Conus medullaris is the terminal part of the spinal cord which comprises the lumbosacral segments concerned with the muscle power and sensations in lower limbs and control of sphincteric functions. Although the cross section of the conus medullaris is comparatively small, it is responsible for crucial functions of the human body.
The commonest intramedullary lesions are ependymomas, astrocytomas, and epidermoid or dermoid cysts. The clinical presentation of intramedullary conus lesions is innocuous in the early phase of the disease and can become widespread later. The radiological diagnosis of conus lesions in differentiating benign versus malignant pathology has become more precise with the availability of advanced MR imaging sequences and facilitates early treatment decision-making. Tuberculomas and cysticercosis are seen fairly common in endemic regions and form an important differential diagnosis. In certain selected cases viz. cysticercosis and tuberculomas, the diagnosis is established with reasonable certainty on MR imaging. In such situations, surgery can be completely avoided and resolution of the disease can be attained on appropriate medical treatment.

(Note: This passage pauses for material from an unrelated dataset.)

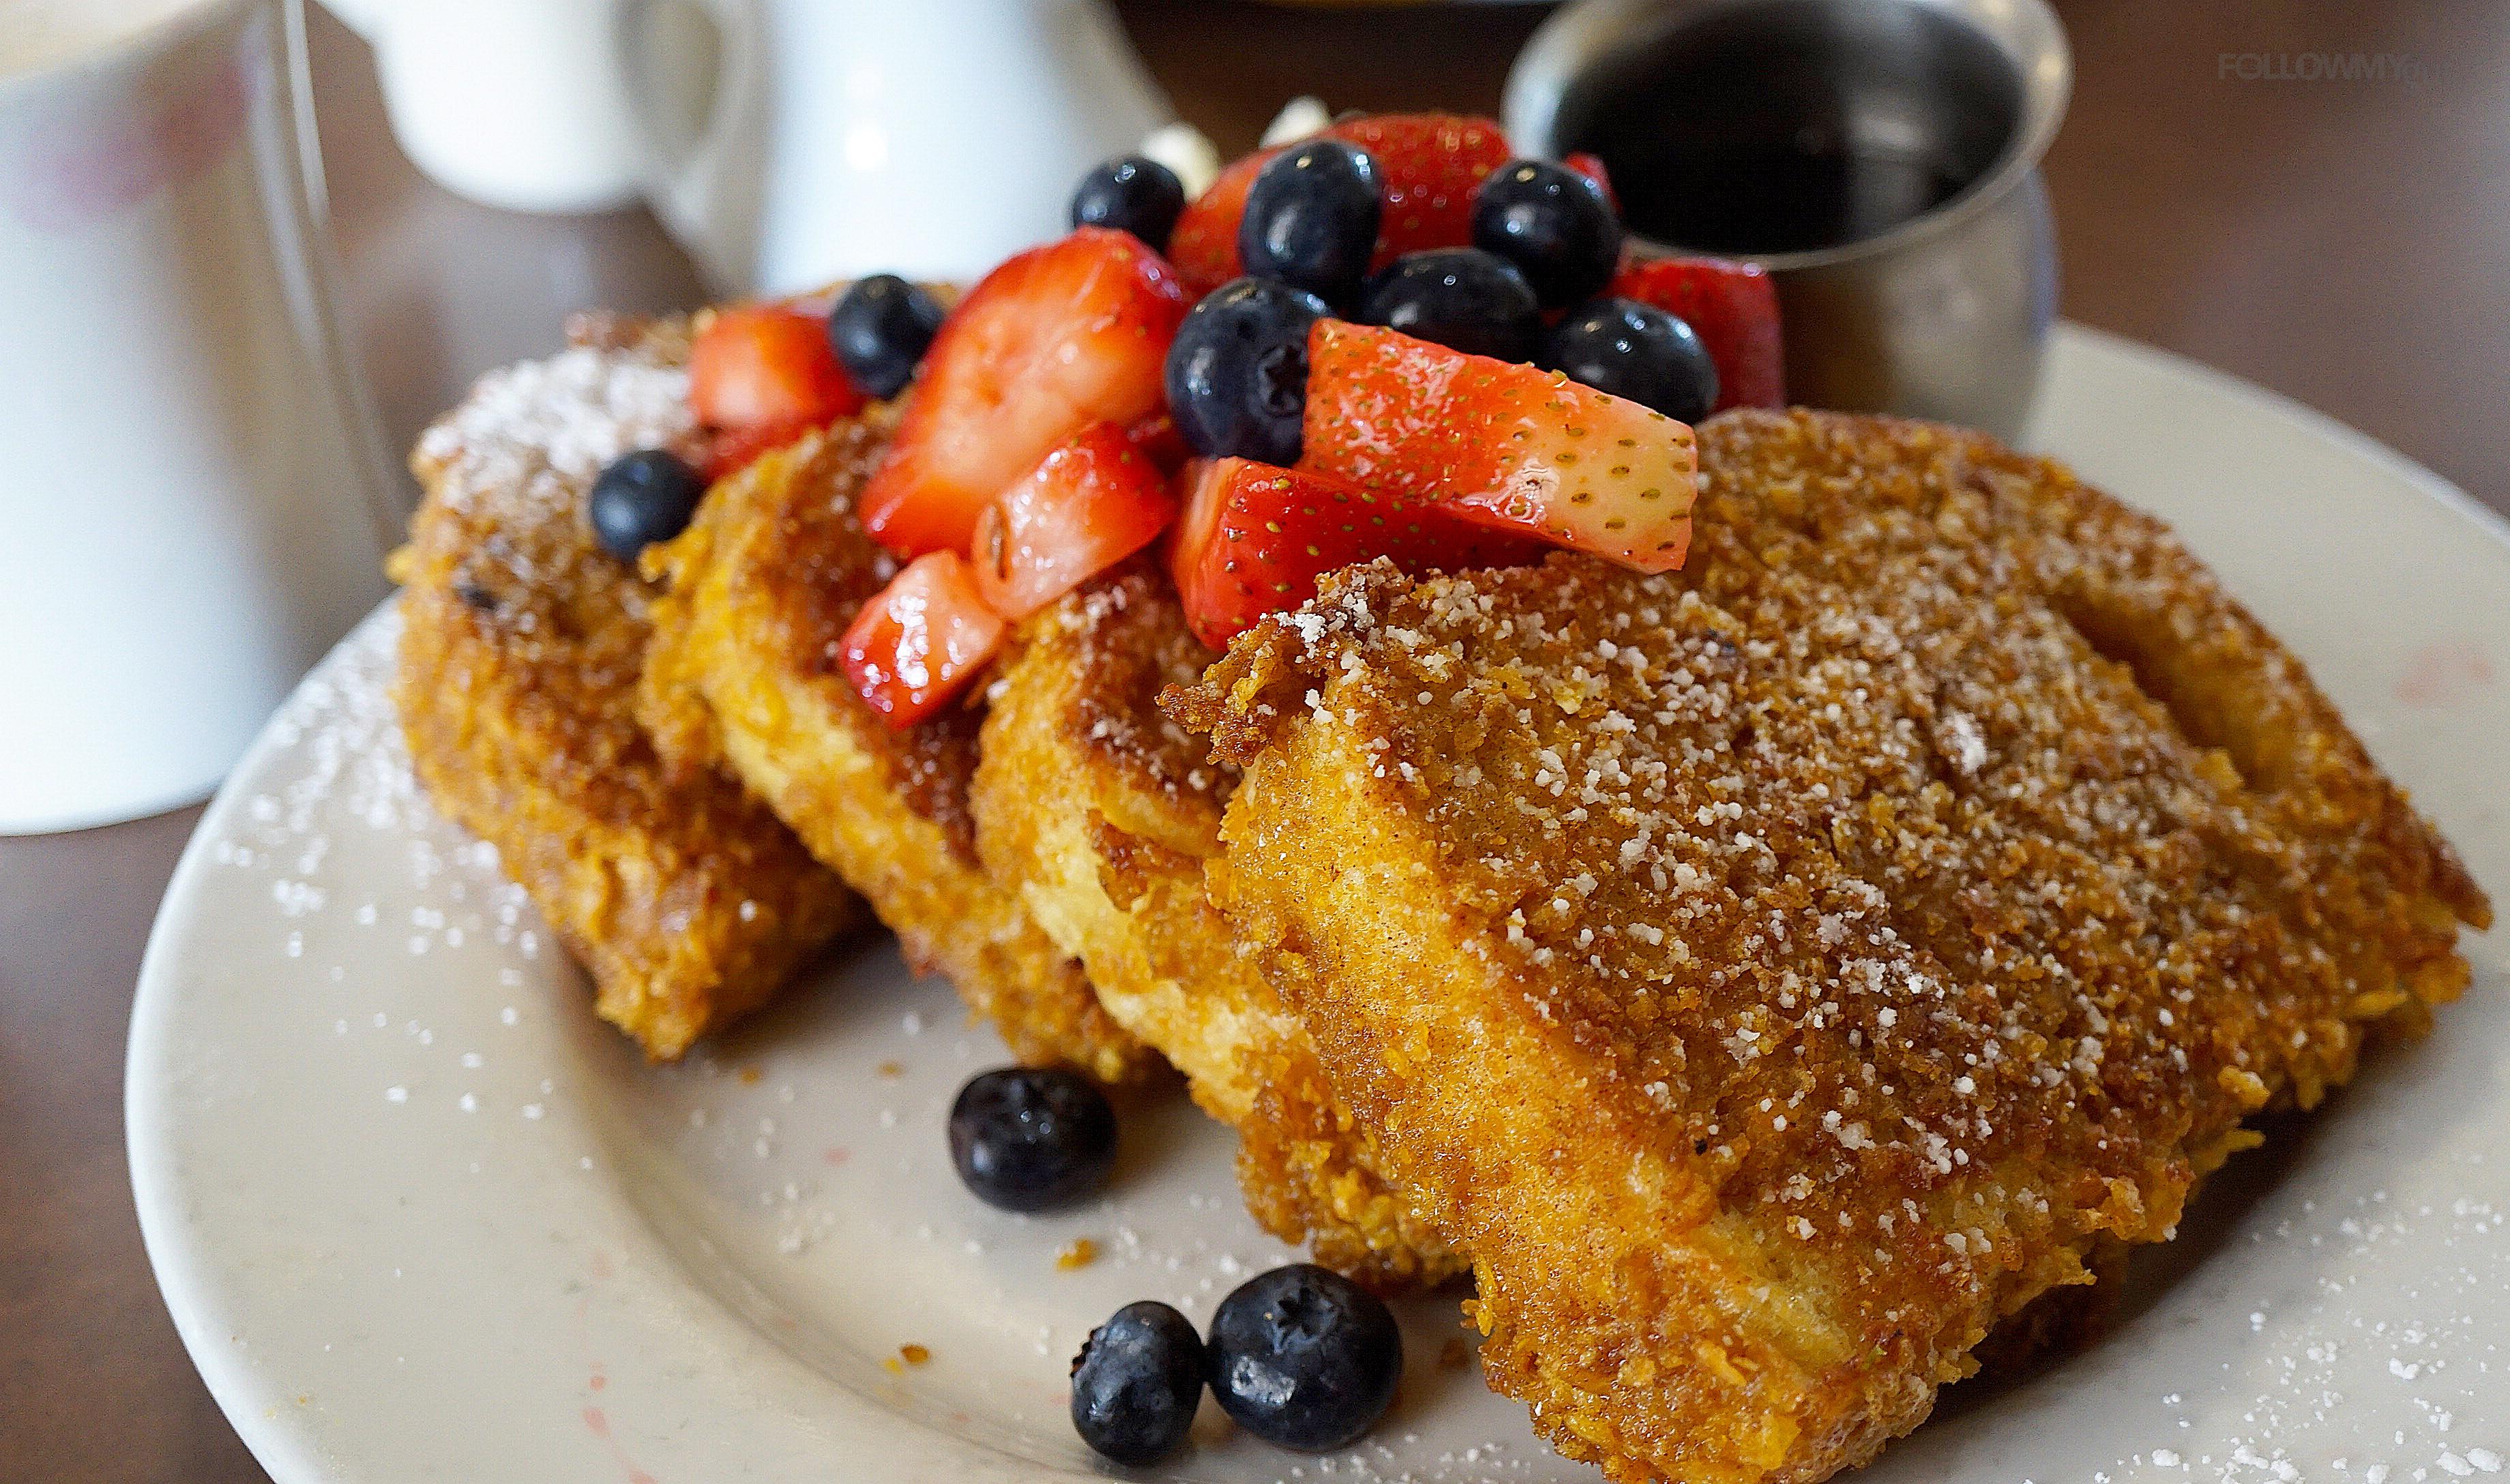 Follow My Gut, Fmg, Danielle N Salmon, Foodie, Blog, La

Complete excision of a myxopapillary ependymoma should be attempted for a possible cure while only a biopsy or conservative resection may be possible in an astrocytoma. Radiology is helpful to determine the extent of surgical resection to be performed. Perhaps the most important aspect of conus lesions is to weigh the benefits of surgical treatment versus the natural history of the disease. Surgery is necessary for establishing the diagnosis and is gratifying if there is a good plane of cleavage found between the lesion and the vital cord tissue allowing complete extirpation of the lesion. Any additional neurological deficit should not be inflicted since the damage to vital sphincter centers could be irreversible. The intraoperative judgment on the part of the neurosurgeon is crucial for optimal surgical outcome. In certain cases, only a biopsy or conservative resection is possible and should be performed. Overzealous attitude has the potential to do more harm than good. Intraoperative monitoring techniques viz. MEP/SSEP, urodynamics is a useful guide during surgery and helps to minimize surgery-related morbidity and preserve neurological function. The preoperative status of the patient is an important determinant of the long-term outcome and prognostication.
Niklaus, Krayenbühl, Zurich, Switzerland
Ebner and colleagues review the literature of intramedullary lesions of the conus medullaris. They briefly summarize the anatomical and clinical aspects of this region and then present the radiological and clinical findings as well as therapeutic options of the whole variety of pathologies occurring in this area. This comprises neoplastic lesions of glial or non-glial origin, metastatic tumors, non-neoplastic lesions like granulomatous diseases, bacterial and parasitic infections as well as vascular, demyelinating and dysembryogenetic lesions. The authors also summarize the current surgical technique, stressing the importance of intraoperative monitoring.
This is a very valuable review, especially for young neurosurgeons, that offers a good overview over the different pathologies of the conus medullaris including their surgical treatment.
Jörg Klekamp, Quakenbrück, Germany
Ebner et al. provide an overview on the differential diagnosis of intramedullary lesions of the conus medullaris, their clinical presentation and imaging features. The intraoperative technique of dissection is described and the importance of intraoperative monitoring of neurological functions is stressed. A few points, however, I would like to add:
Basically, any intramedullary lesion described in this article may be encountered anywhere else in the spinal cord. Therefore, similar criteria for the differential diagnosis or the surgical technique apply for lesions in the conus as for other parts of the spinal cord.
From my experience, however, there is a big difference in terms of surgical morbidity. Surgical morbidity for conus tumors is considerably higher compared to lesions of the cervical cord, for instance, even with intraoperative monitoring. Especially for sphincter and sexual functions, this has to be born in mind. Unlike for postoperative problems of motor power or limb coordination, which carry a good prognosis for recovery with appropriate rehabilitation, sphincter disturbances and sexual dysfunctions hardly ever recover. Whenever the lesion to be operated does not reach the pial surface of the conus, surgery carries considerable risks in this respect.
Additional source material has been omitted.